# DVD Slideshow - your best bet



## denisemilic (Apr 28, 2006)

I need to create a quality DVD slideshow (TV viewable). It will contain aprox 200 images with animation and 3 different audios. I am using Mac OSX 10.4 (Tiger). I have iDVD2, iMovie3 & Powerpoint -  which appear to be too limited for what I am doing. I have been searching for new software but I am overwhelmed and somewhat confused. 

Can you suggest the appropriate software?


----------



## Thank The Cheese (Apr 28, 2006)

iPhoto/iDVD/iMovie are by far the best packages to do the trick (not sure how Powerpoint fits in though -- it isn't really built for that sort of thing). 

If you are still using iDVD 2, my advice would be to upgrade to version 6 of iMovie/DVD/Photo (the current version, part of the iLife package) or at the earliest iLife 04 or 05. 

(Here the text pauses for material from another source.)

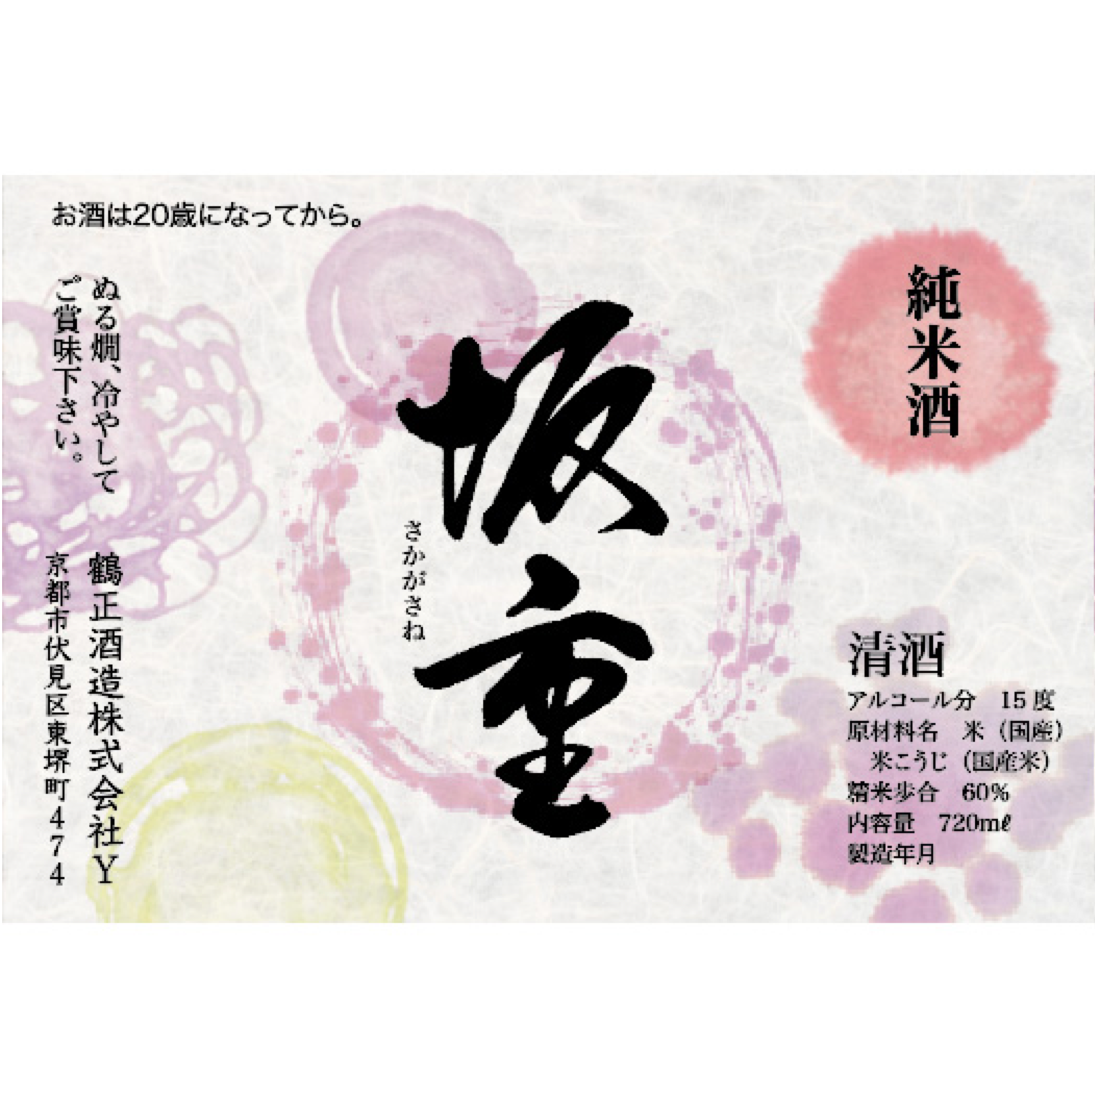 第157回 春の天皇賞限定 日本酒ラベルデザイン

Creating a slideshow in iPhoto will work fine, but it doesn't give you the same lavel of control as iMovie. It depends: if you want to just whack in 200 photos, set it to music, and make your Mac do all the transitions for you - iPhoto is best (you can send an iPhoto slideshow to iDVD). However, if you want to have control over the timing and hand-pick transitions for each photo, then iMovie is best. 

hope that helps


----------